→ **Task statement**:
Return all the data below as it stands, minus the pictures.

→ **Dataset excerpt**:
★ ★ ★ ★ ★ ★ ★
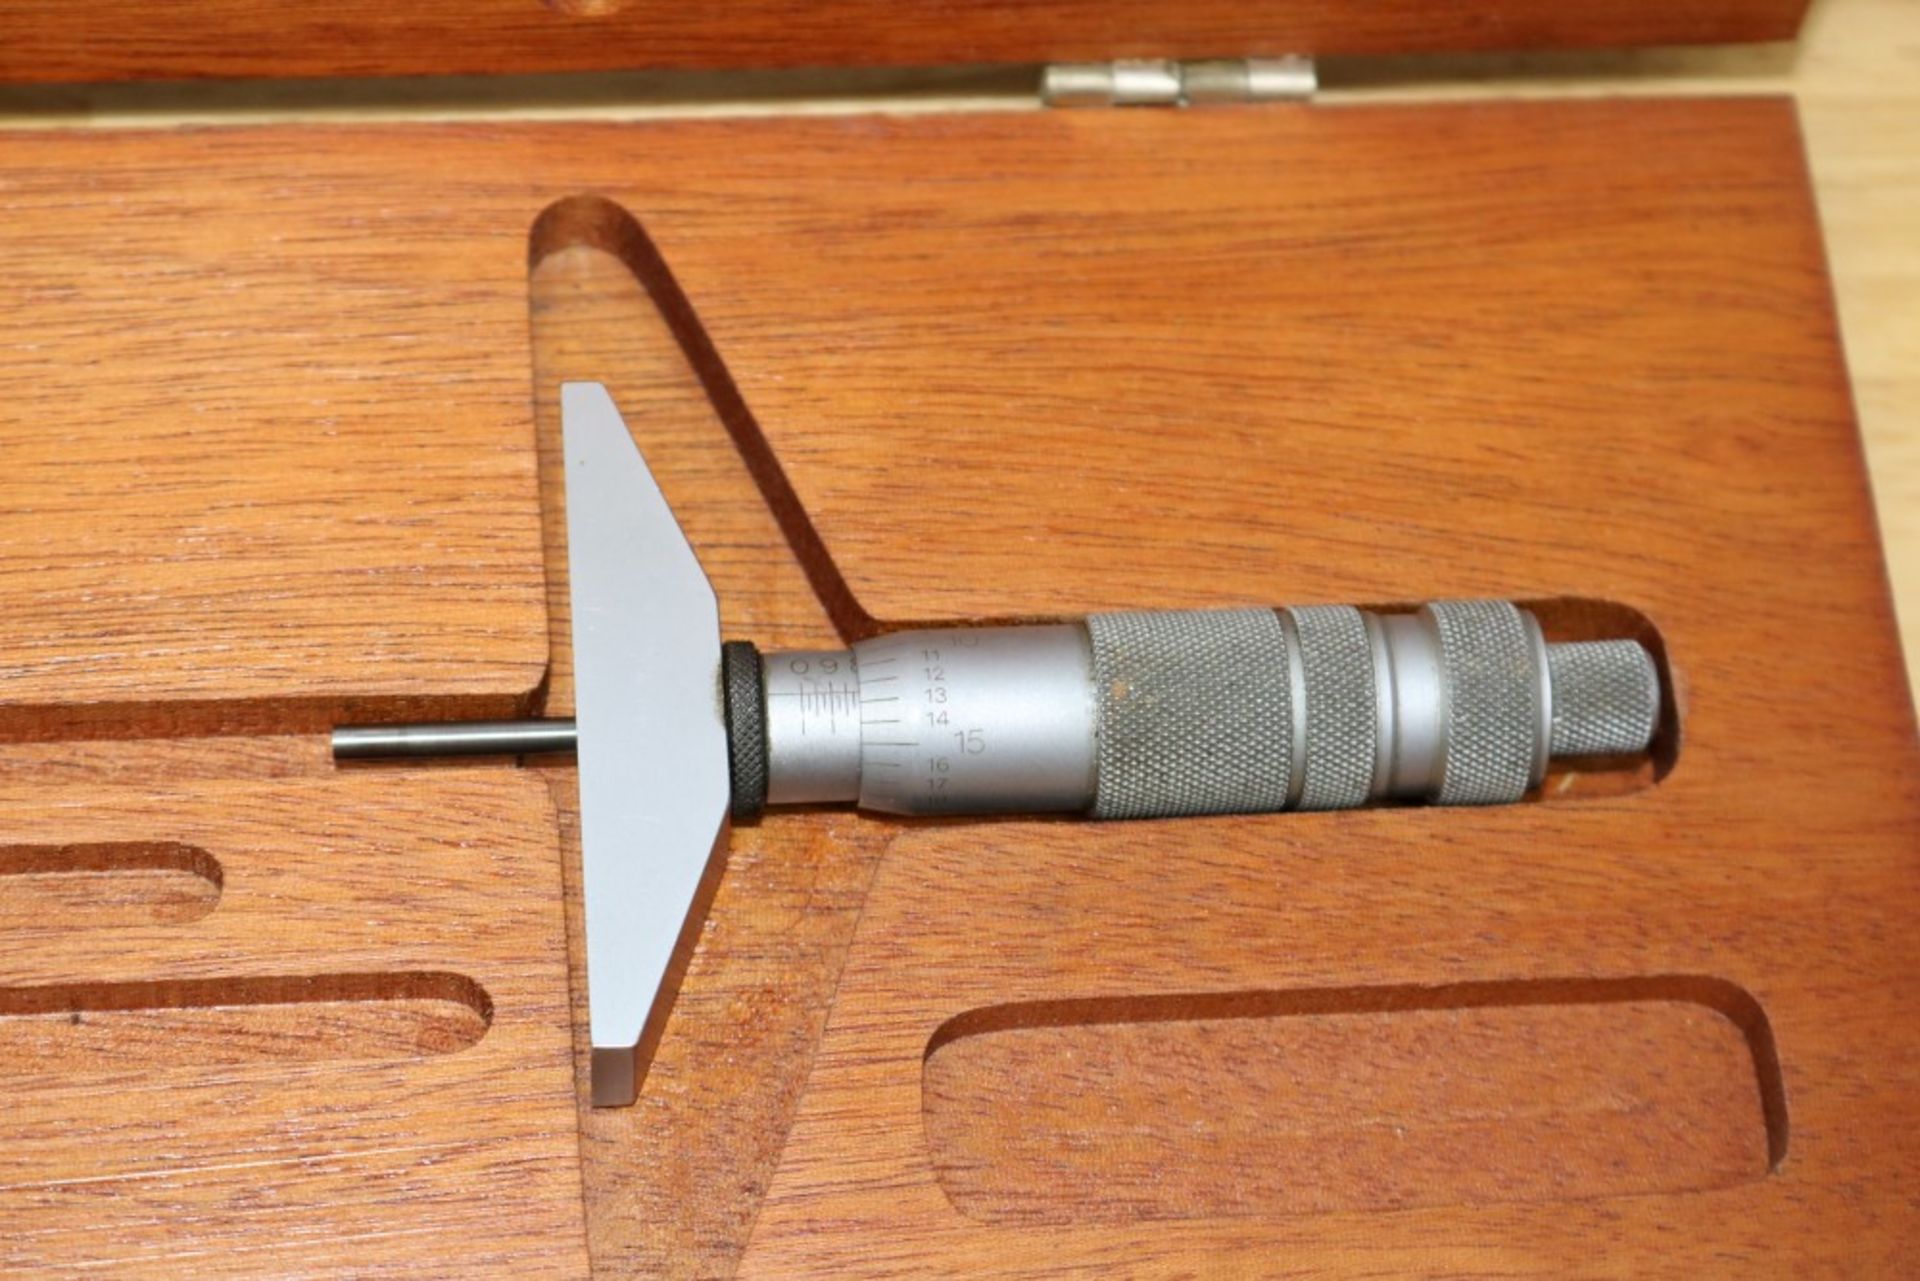 Brown & Sharpe Depth Micrometer 0-3" - Image 3 of 5
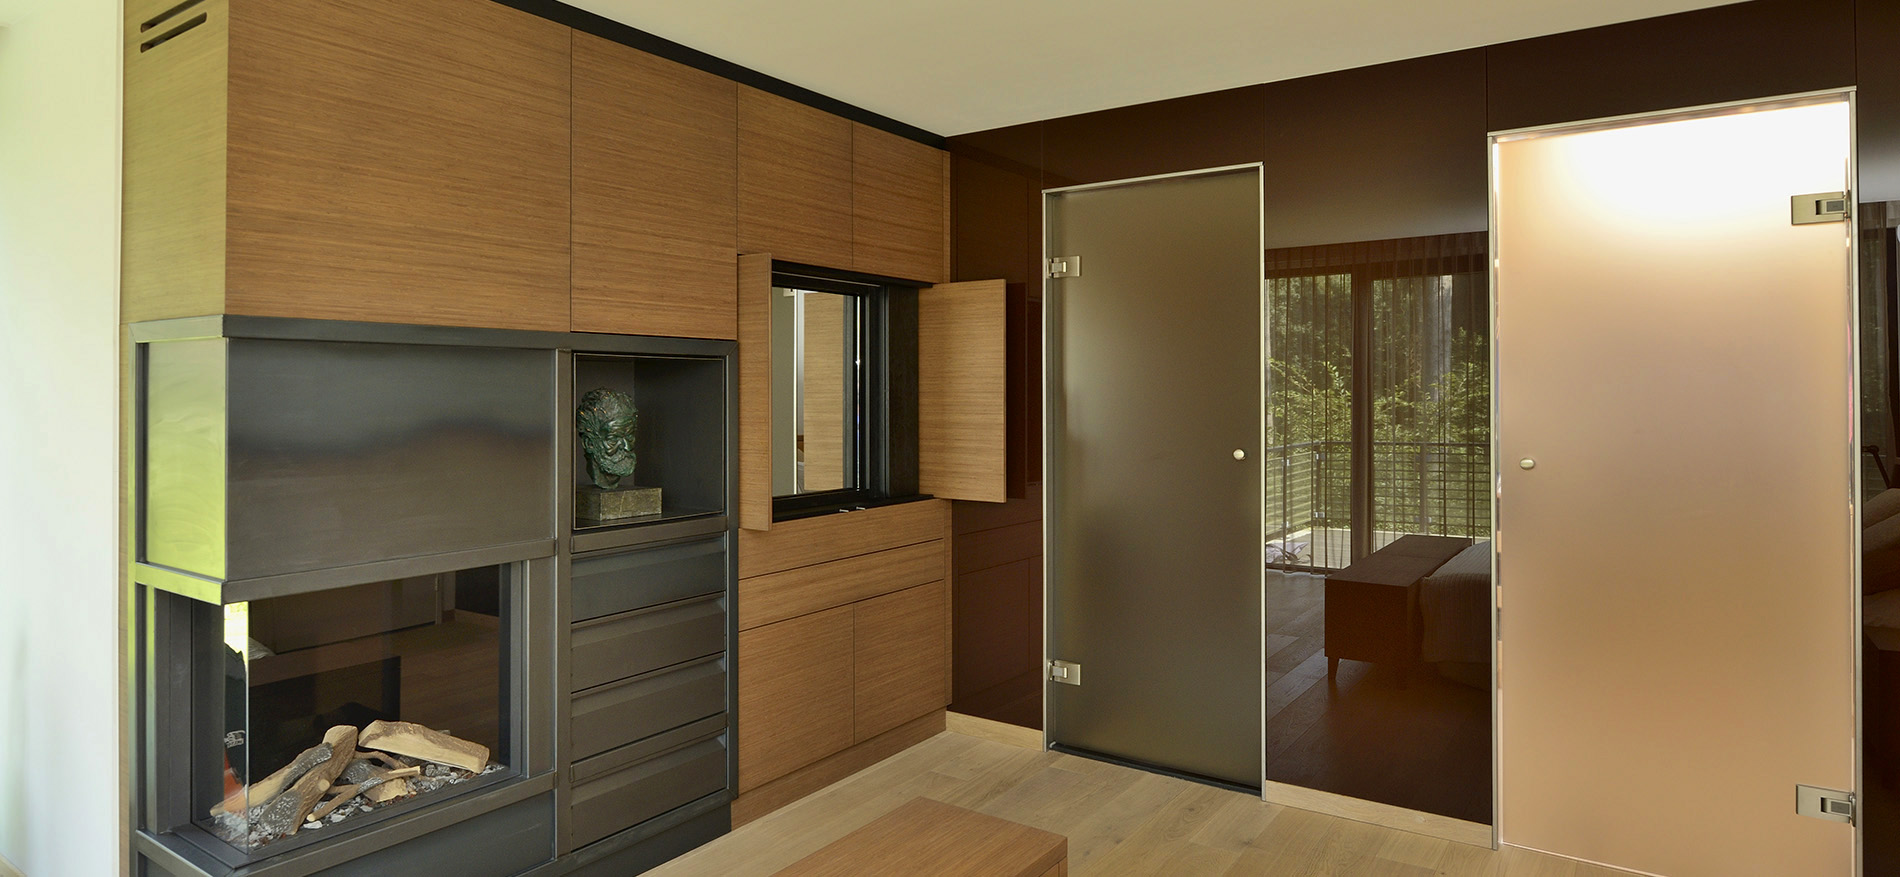 Maßarbeit in Möbel - Residential Interior Design
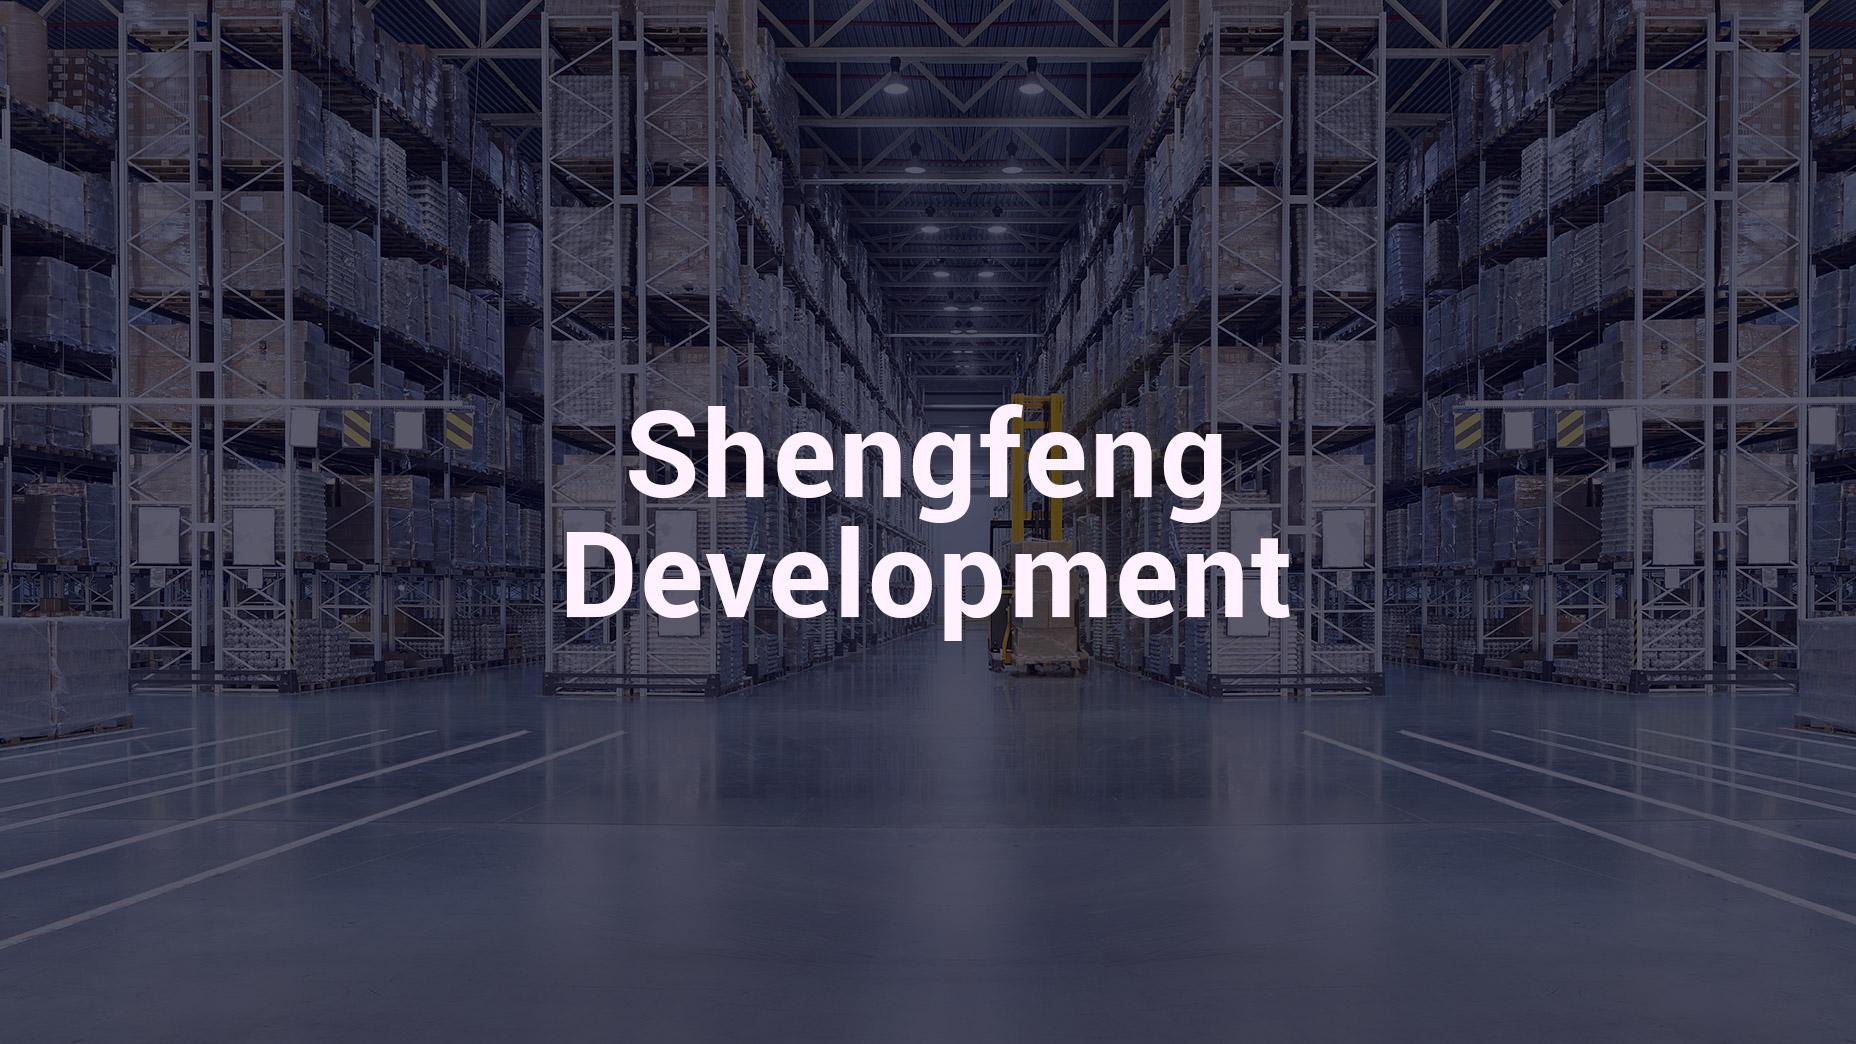 การเสนอขายหุ้นของ Shengfeng Development: ผู้ให้บริการโลจิสติกส์ตามสัญญาในจีน
★ ★ ★ ★ ★ ★ ★
→ **Solution**:
 Brown & Sharpe Depth Micrometer 0-3" - Image 3 of 5
 Maßarbeit in Möbel - Residential Interior Design
 การเสนอขายหุ้นของ Shengfeng Development: ผู้ให้บริการโลจิสติกส์ตามสัญญาในจีน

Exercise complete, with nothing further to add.